Create a newdata object for generating the plots of model-implied fantasy points by age and position:

Code
pointsPerSeason_positionAge_newData <- expand.grid(
  positionFactor = factor(c("FB","QB","RB","TE","WR")), #,"K"
  age = seq(from = 20, to = 40, length.out = 10000)
)

pointsPerSeason_positionAge_newData$ageCentered20 <- pointsPerSeason_positionAge_newData$age - 20
pointsPerSeason_positionAge_newData$ageCentered20Quadratic <- pointsPerSeason_positionAge_newData$ageCentered20 ^ 2
pointsPerSeason_positionAge_newData$years_of_experience <- floor(pointsPerSeason_positionAge_newData$age - 22) # assuming that most players start at age 22 (i.e., rookie year) and thus have 1 year of experience at age 23
pointsPerSeason_positionAge_newData$years_of_experience[which(pointsPerSeason_positionAge_newData$years_of_experience < 0)] <- 0

Create an object with complete cases for generating the plots of individuals’ model-implied fantasy points by age and position:

Code
player_stats_seasonal_offense_subsetCC <- player_stats_seasonal_offense_subset %>%
  filter(
    !is.na(player_idFactor),
    !is.na(fantasyPoints),
    !is.na(positionFactor),
    !is.na(ageCentered20),
    !is.na(ageCentered20Quadratic),
    !is.na(years_of_experience))

12.3.1 Scatterplots of Fantasy Points by Age and Position

Scatterplots are a helpful tool for quickly examining the association between two variables. However, scatterplots—as well as correlation and multiple regression—can hide meaningful associations that differ across units of analysis.

12.3.1.1 Quarterbacks

A scatterplot of Quarterbacks’ fantasy points by age is in Figure 12.2.

Code
plot_scatterplotFantasyPointsByAgeQB <- ggplot(
  data = player_stats_seasonal_offense_subset %>% 
    filter(position == "QB") %>% 
    mutate(
      age = round(age, 2),
      fantasyPoints = round(fantasyPoints, 2)
    ),
  mapping = aes(
    x = age,
    y = fantasyPoints,
    color = player_id)) +
  geom_point(
    aes(
      text = player_display_name, # add player name for mouse over tooltip
      label = season # add season for mouse over tooltip
  )) +
  geom_smooth(
    mapping = aes(
    x = age,
    y = fantasyPoints),
    inherit.aes = FALSE
  ) +
  scale_color_viridis(discrete = TRUE) +
  labs(
    x = "Player Age (years)",
    y = "Fantasy Points (Season)",
    title = "Fantasy Points (Season) by Player Age: Quarterbacks"
  ) +
  theme_classic() +
  theme(legend.position = "none")

ggplotly(
  plot_scatterplotFantasyPointsByAgeQB,
  tooltip = c("age","fantasyPoints","text","label"))
Figure 12.2: Scatterplot of Fantasy Points by Age for Quarterbacks.

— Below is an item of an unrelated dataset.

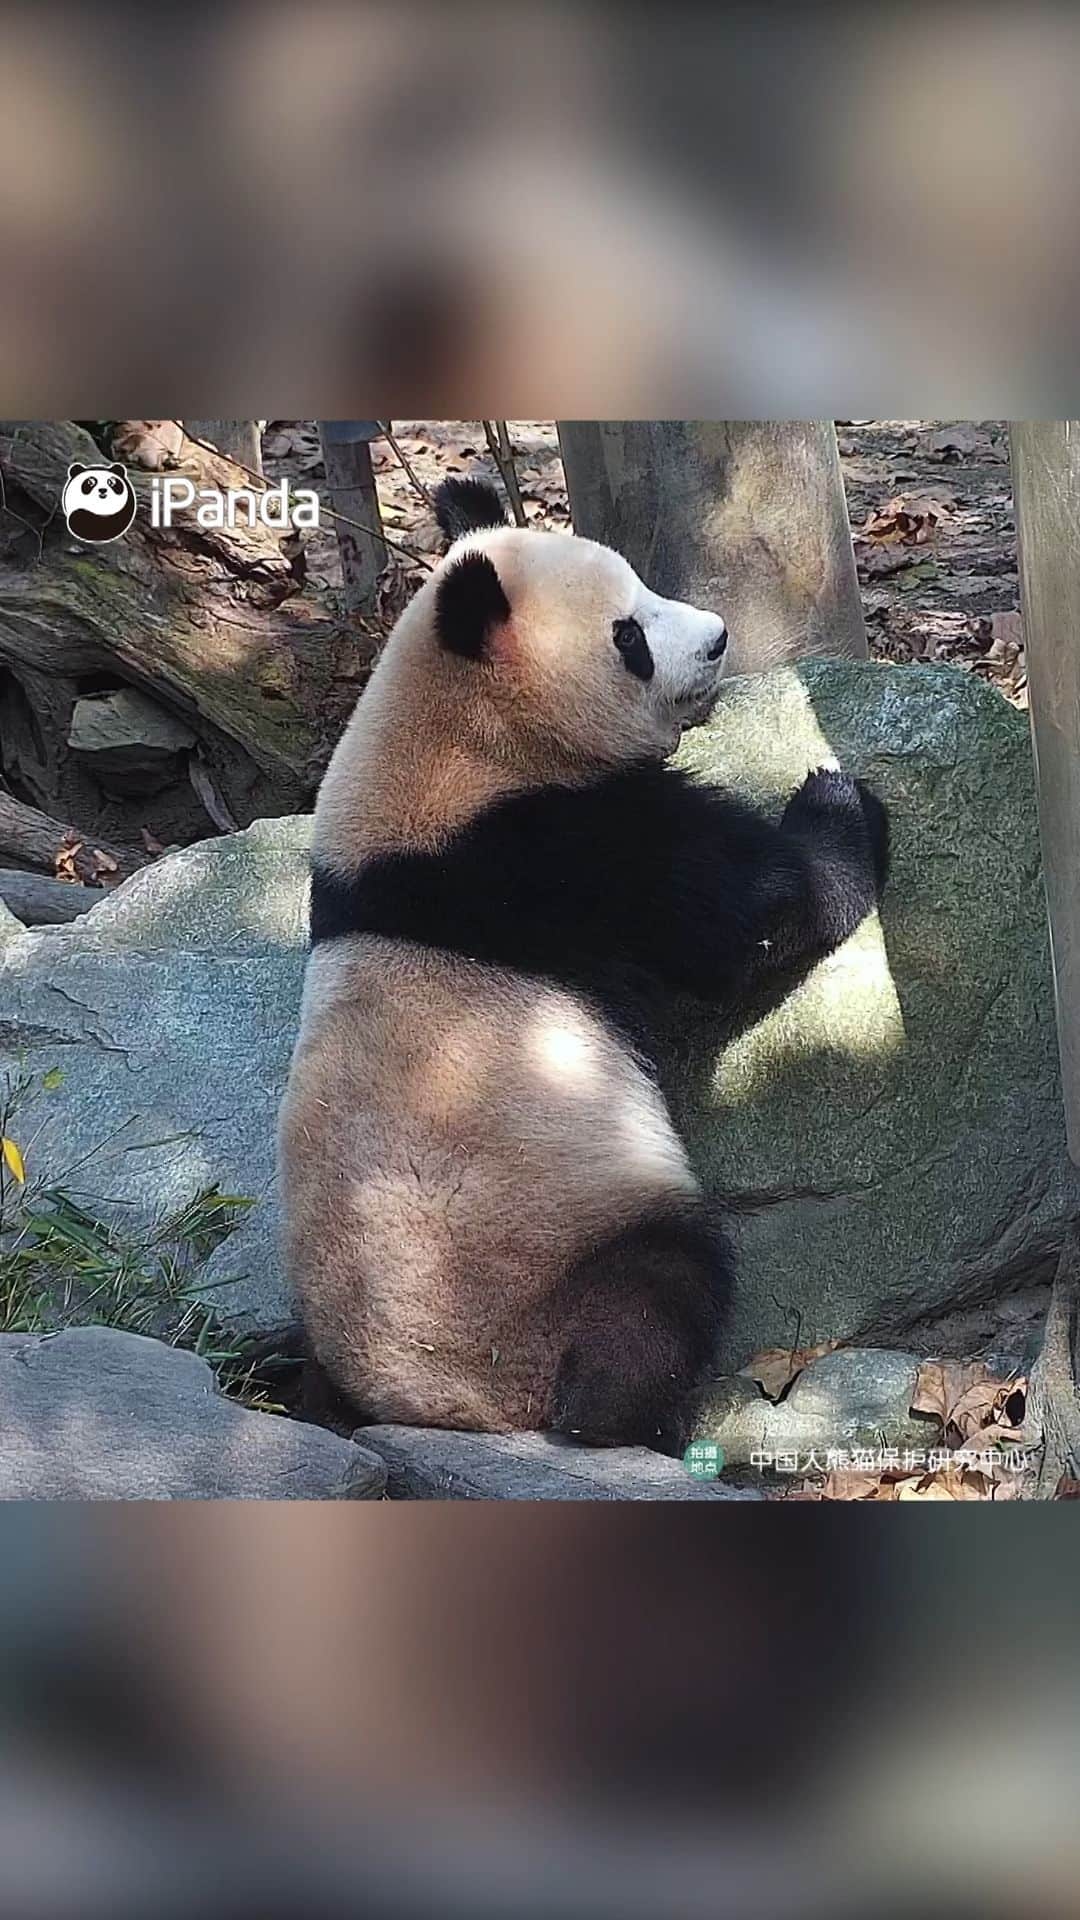 iPandaのインスタグラム：「Why are you whispering to the stone? You can also share your secrets with me. (Qing Lu) 🐼 🐼 🐼 #Panda #iPanda #Cute #HiPanda #PandaMoment #CCRCGP  For more panda information, please check out: https://en.ipanda.com」

Based on the scatterplot (and the bivariate association below), Quarterbacks’ fantasy points appear to increase with age.

Code
cor.test(
  formula = ~ age + fantasyPoints,
  data = player_stats_seasonal_offense_subset %>% filter(position == "QB")
)

    Pearson's product-moment correlation

data:  age and fantasyPoints
t = 2.4333, df = 1922, p-value = 0.01505
alternative hypothesis: true correlation is not equal to 0
95 percent confidence interval:
 0.01075572 0.09985864
sample estimates:
       cor 
0.05541751 

12.3.1.2 Fullbacks

A scatterplot of Fullbacks’ fantasy points by age is in Figure 12.3.

Code
plot_scatterplotFantasyPointsByAgeFB <- ggplot(
  data = player_stats_seasonal_offense_subset %>% 
    filter(position == "FB") %>% 
    mutate(
      age = round(age, 2),
      fantasyPoints = round(fantasyPoints, 2)
    ),
  mapping = aes(
    x = age,
    y = fantasyPoints,
    color = player_id)) +
  geom_point(
    aes(
      text = player_display_name, # add player name for mouse over tooltip
      label = season # add season for mouse over tooltip
  )) +
  geom_smooth(
    mapping = aes(
    x = age,
    y = fantasyPoints),
    inherit.aes = FALSE
  ) +
  scale_color_viridis(discrete = TRUE) +
  labs(
    x = "Player Age (years)",
    y = "Fantasy Points (Season)",
    title = "Fantasy Points (Season) by Player Age: Fullbacks"
  ) +
  theme_classic() +
  theme(legend.position = "none")

ggplotly(
  plot_scatterplotFantasyPointsByAgeFB,
  tooltip = c("age","fantasyPoints","text","label"))
Figure 12.3: Scatterplot of Fantasy Points by Age for Fullbacks.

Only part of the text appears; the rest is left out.